*Task prompt*
None of the images should appear in your copy. Transcribe the data in full.

*Data segment*
----

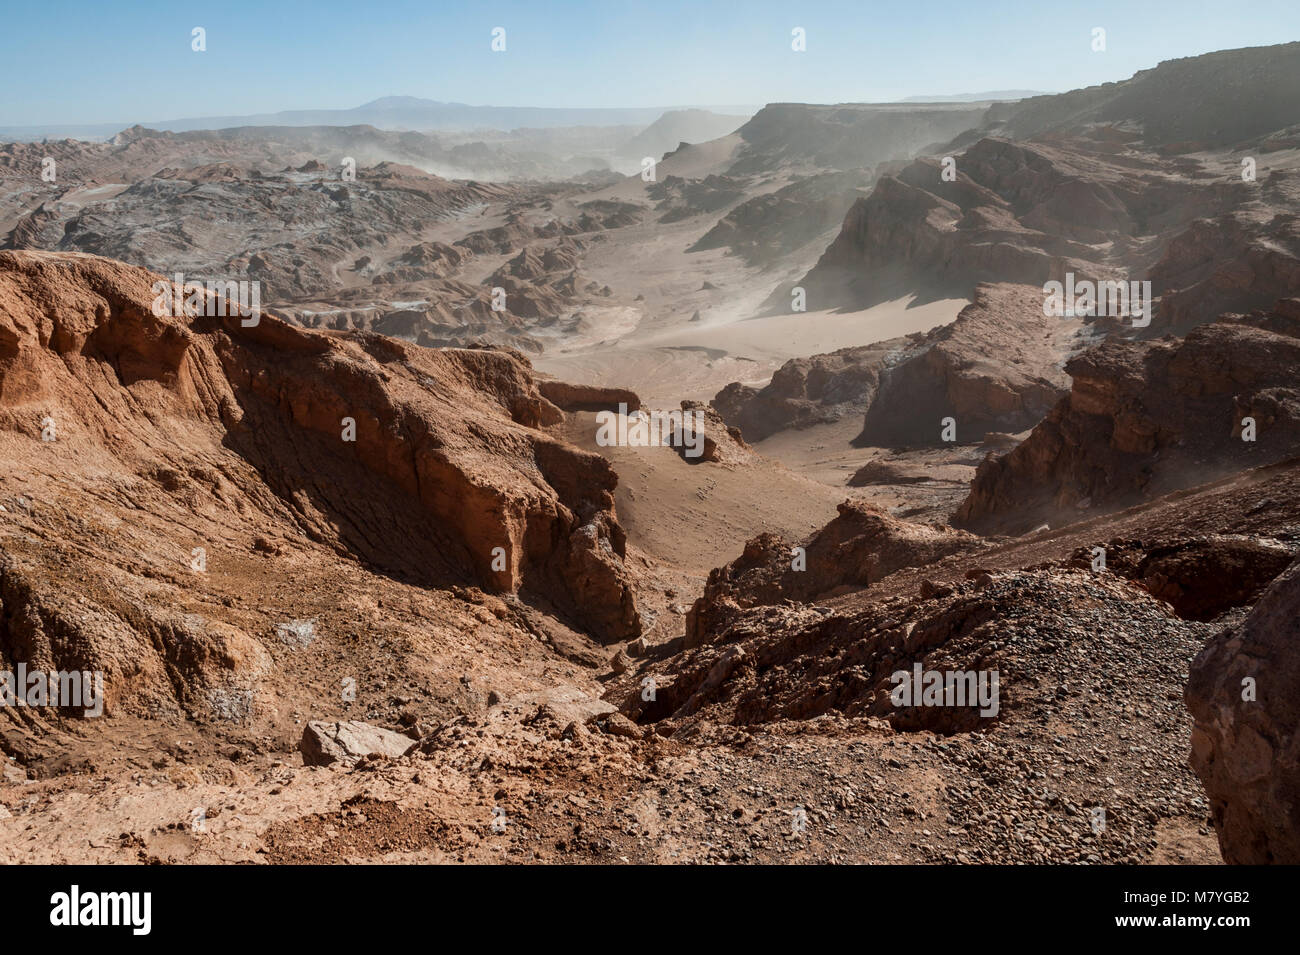 Vue de la Cordillera de la Sal, sel blanc émergeant de la roche saline, montagnes dans le désert d'Atacama, Photo Stock
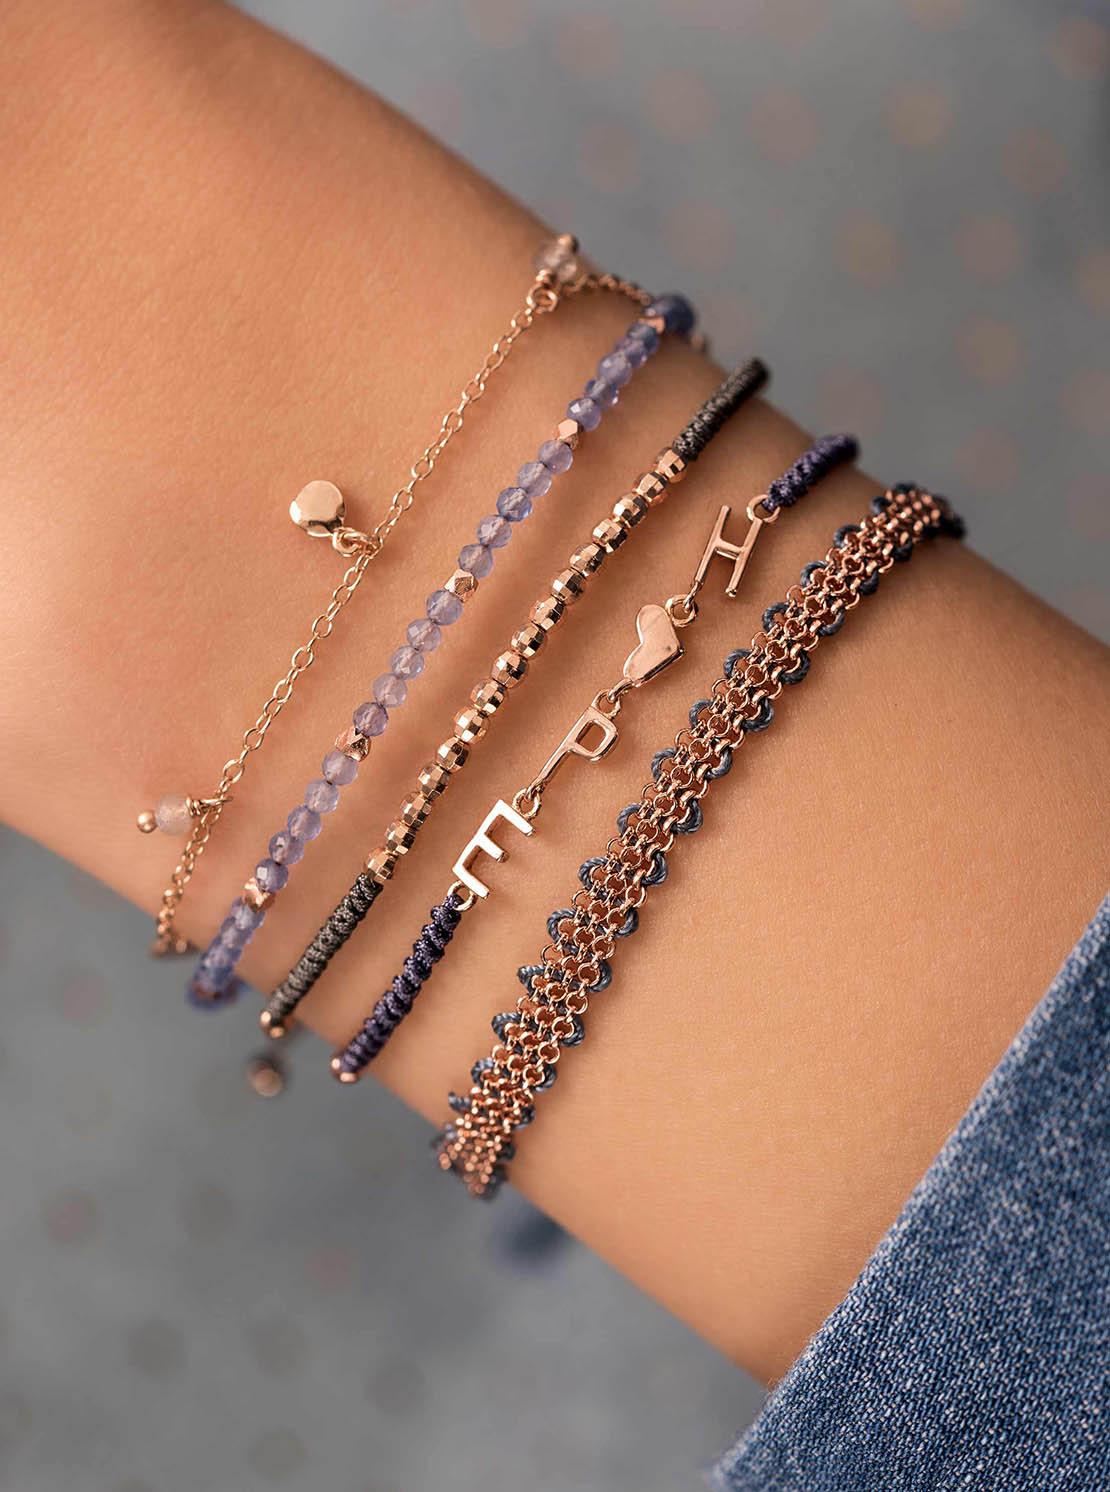 Armband - Facile
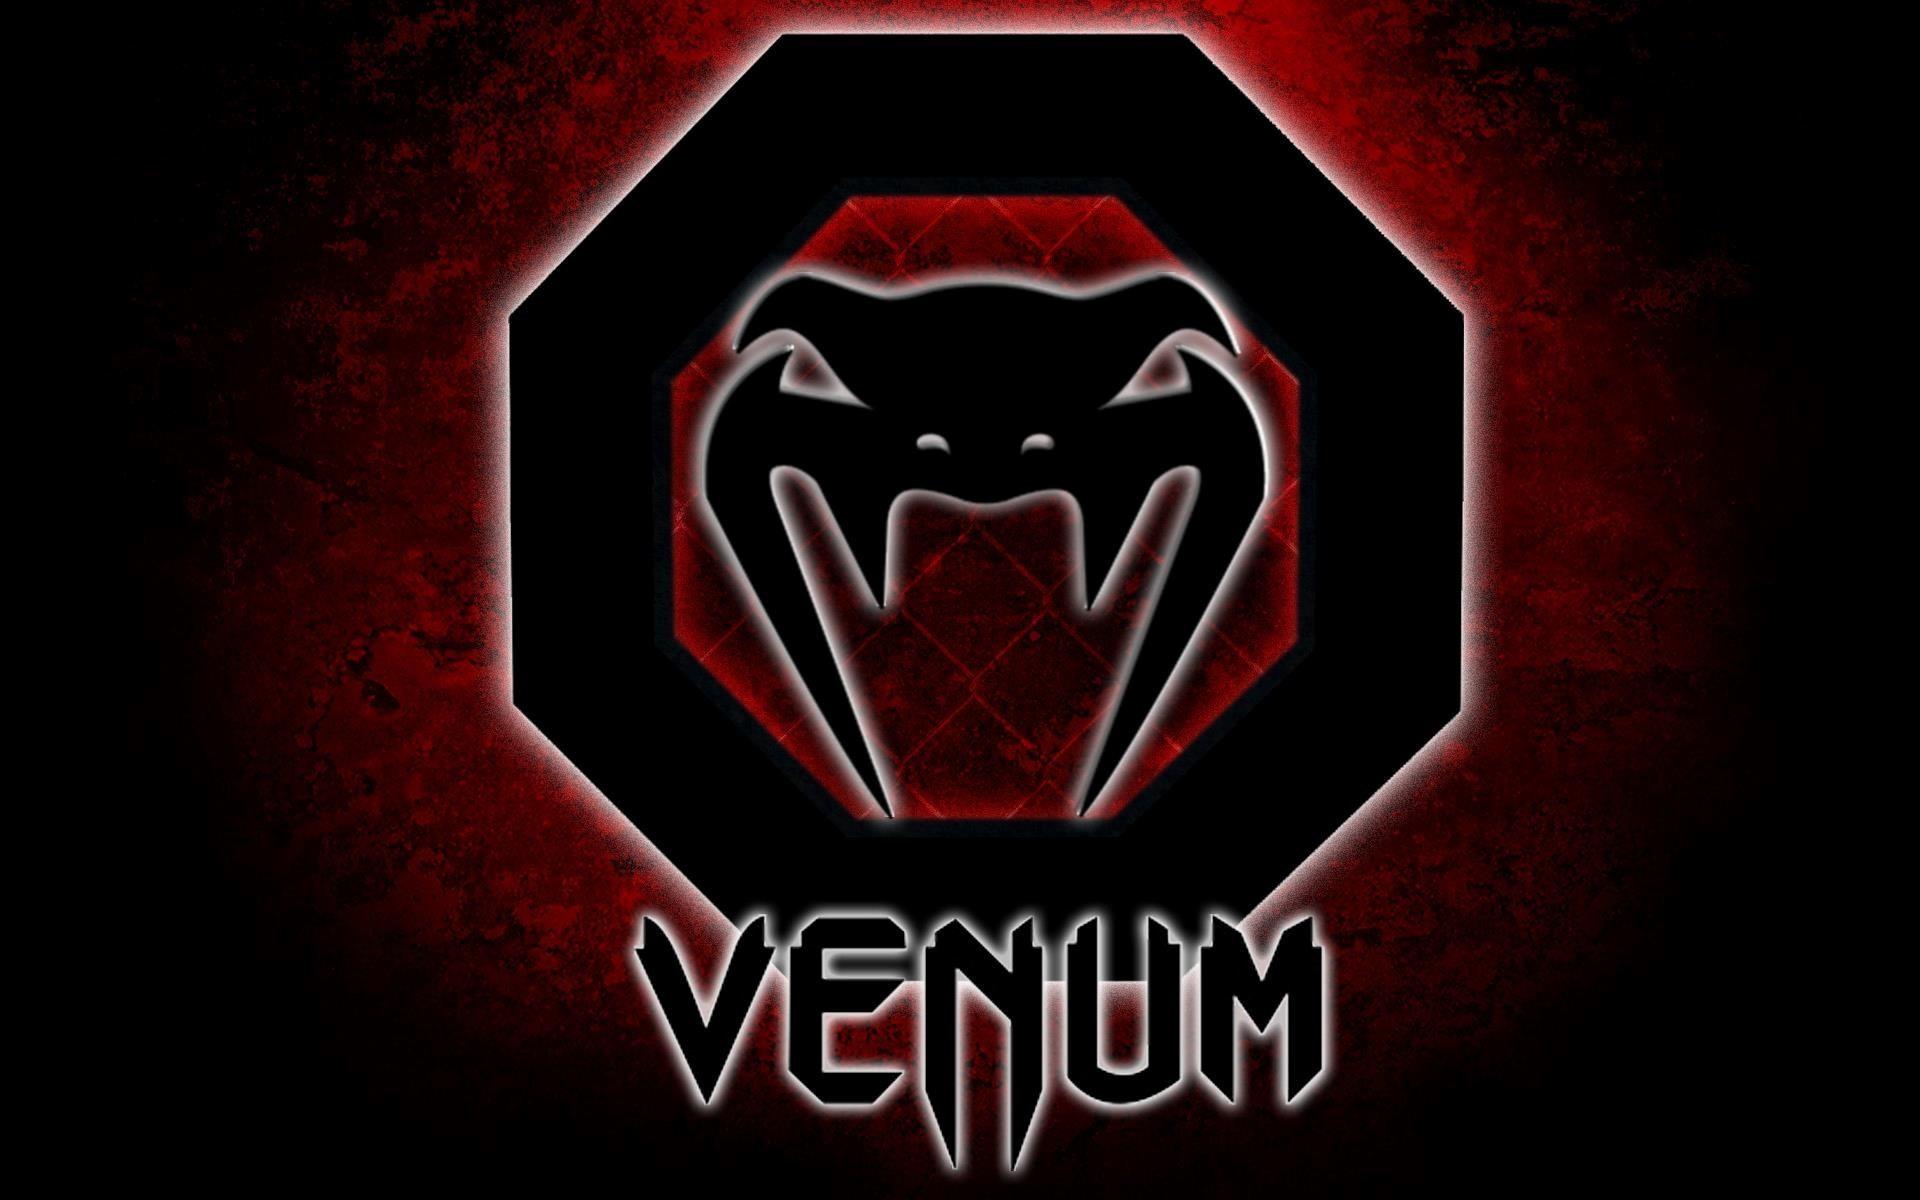 venum logo mma wallpaper …

----

*Result for this exercise*
 Vue de la Cordillera de la Sal, sel blanc émergeant de la roche saline, montagnes dans le désert d'Atacama, Photo Stock
 Armband - Facile
 venum logo mma wallpaper …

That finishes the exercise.